Please find the line that holds "Relationship Between Calcium, Phosphorus, and" below and reproduce it, along with every line after it through the end, exactly and without pictures.

● THE DATA
****************************************

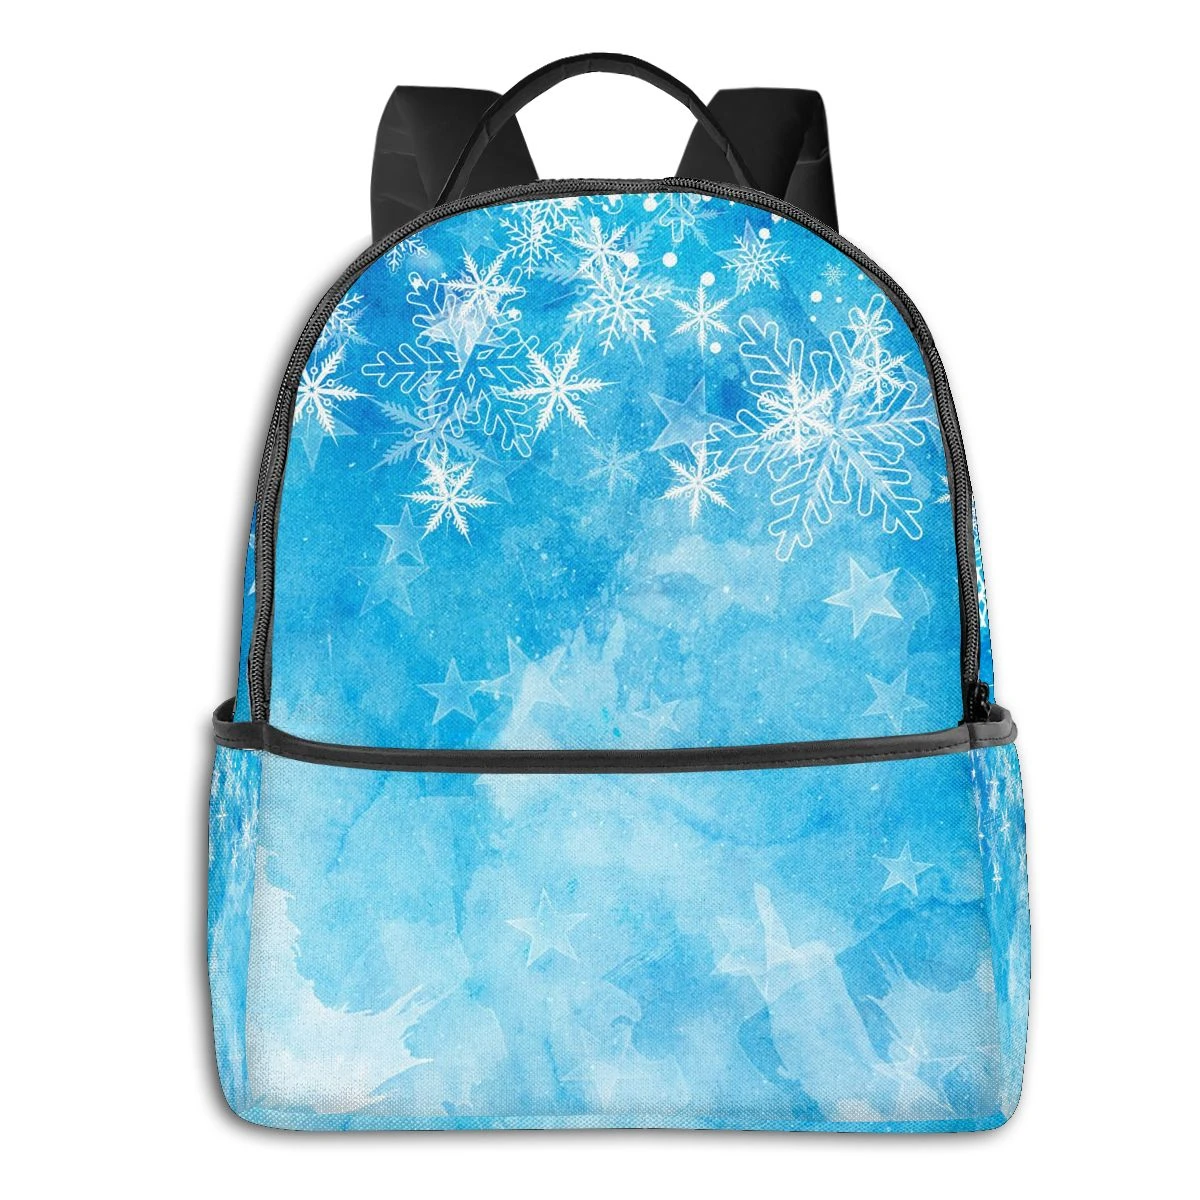 Backpack Christmas Snowflakes On Light Blue Background Laptop Travel School College Backpacks Bag 
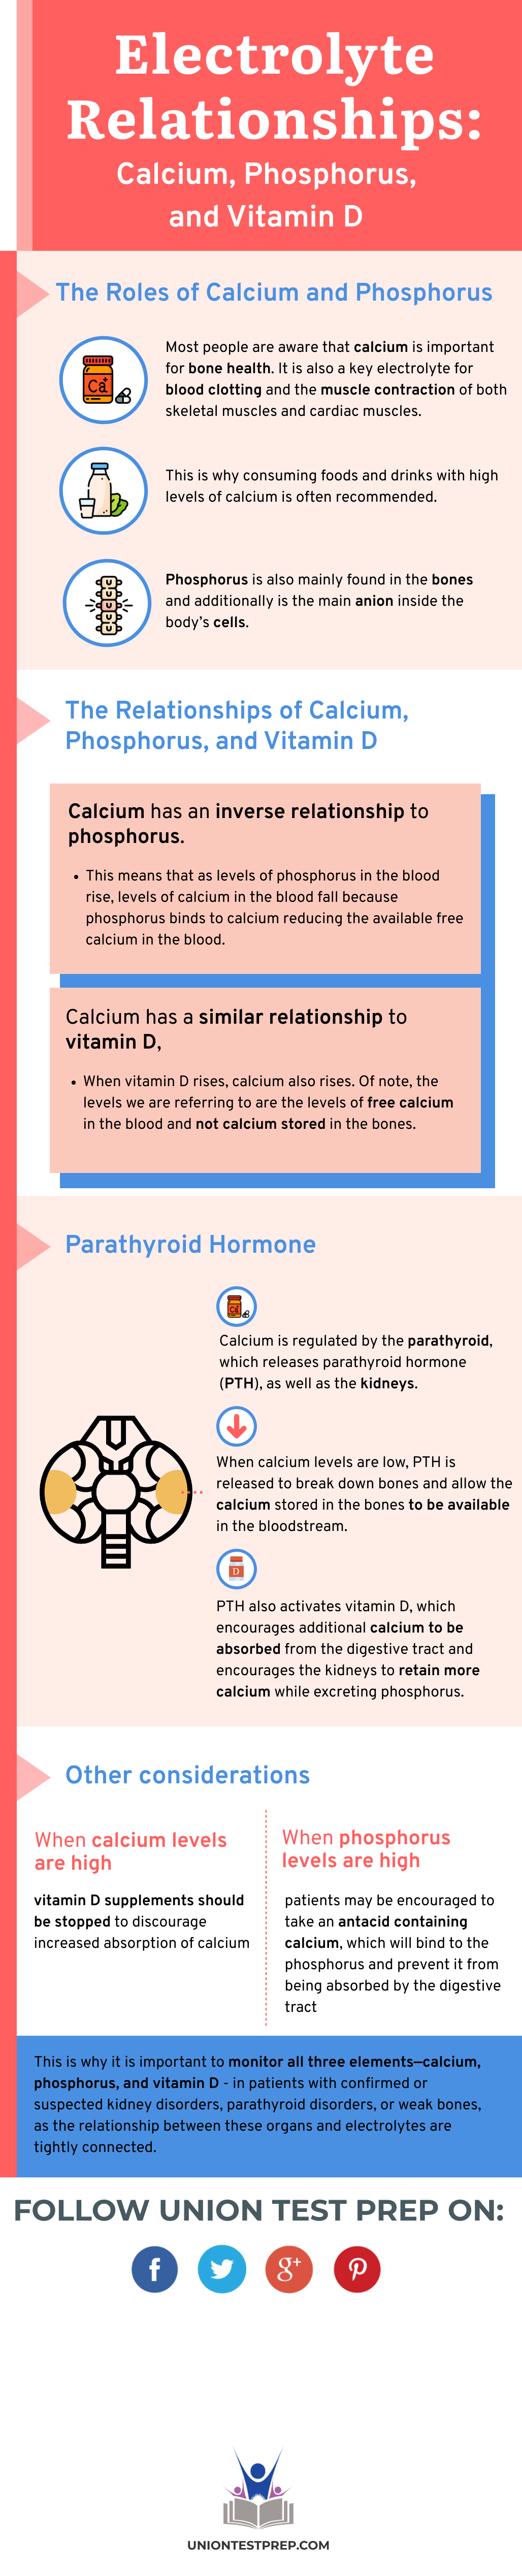 Relationship Between Calcium, Phosphorus, and Vitamin D
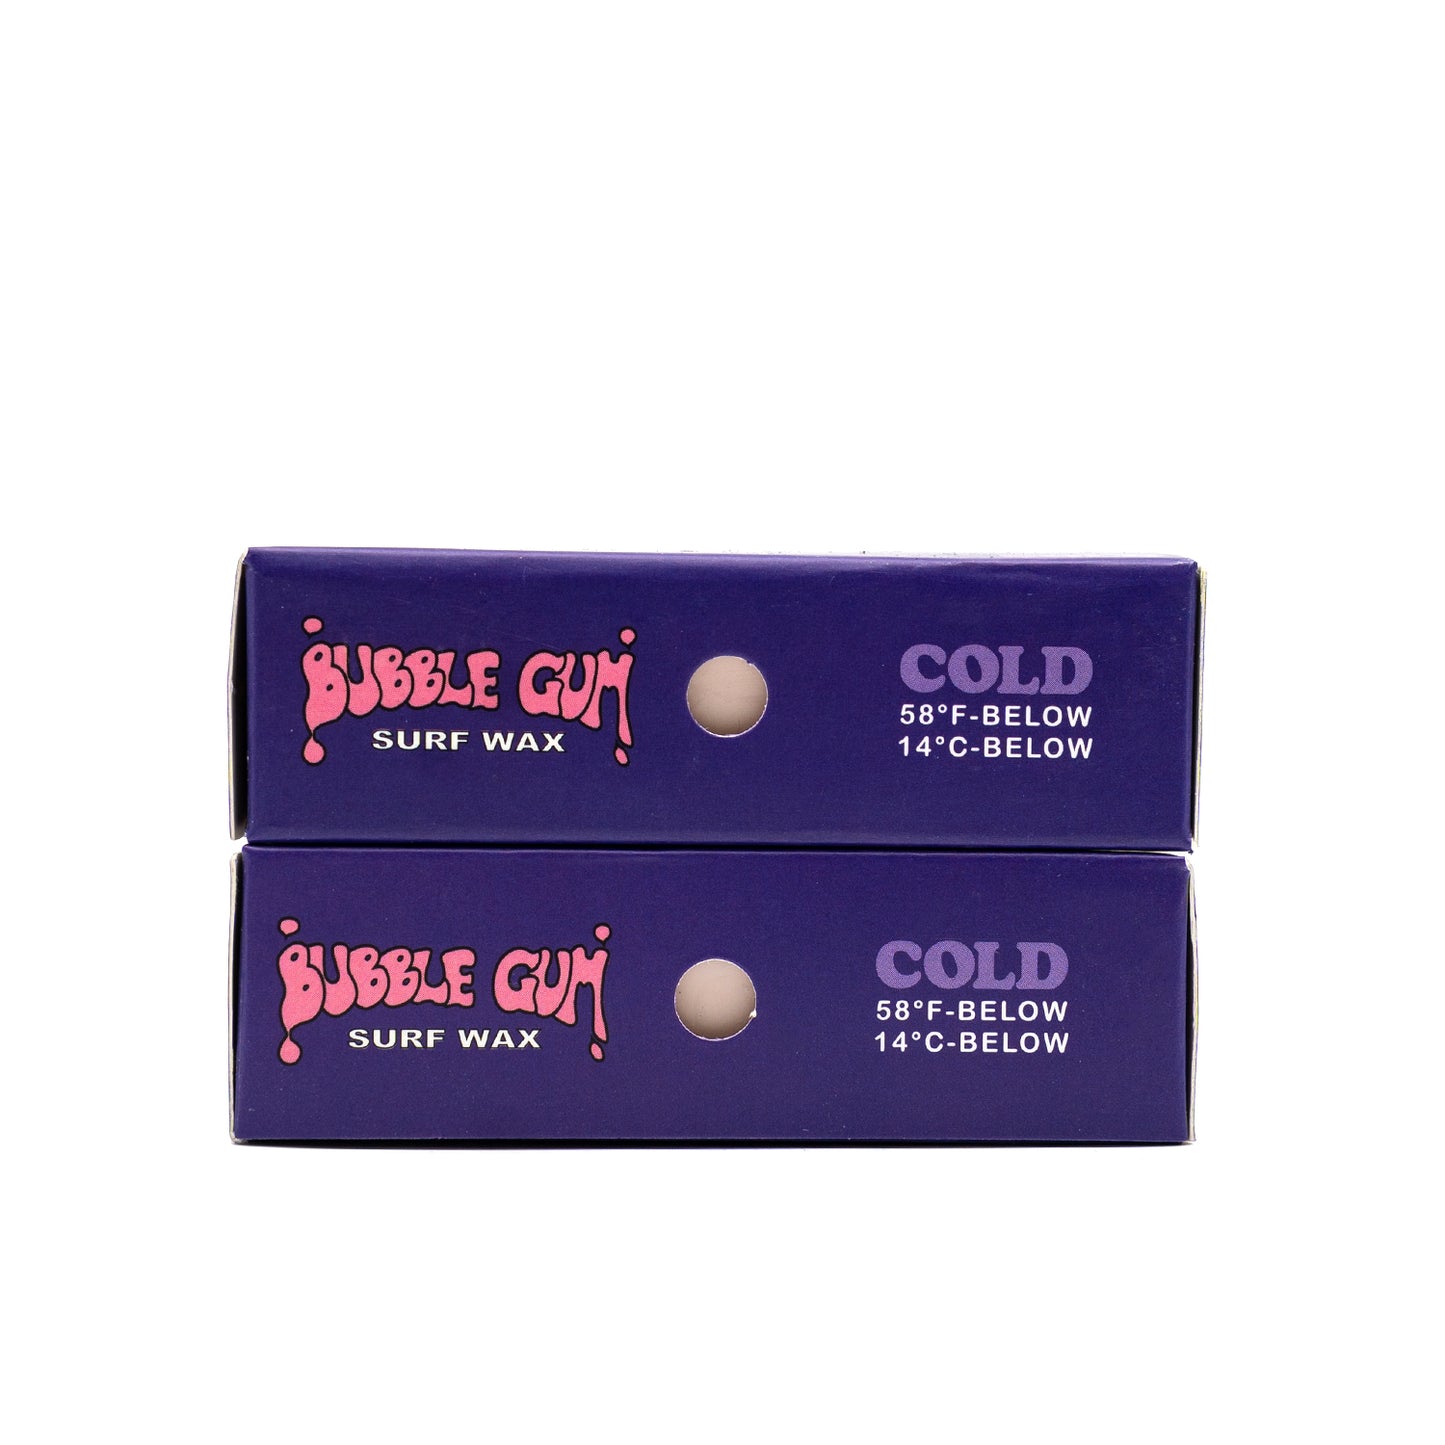 Bubble Gum "Original Formula" Surf Wax Box - Cold - 58° & Below - 6 Pack

****************************************

● EXERCISE ANSWER
 Relationship Between Calcium, Phosphorus, and Vitamin D
 Bubble Gum "Original Formula" Surf Wax Box - Cold - 58° & Below - 6 Pack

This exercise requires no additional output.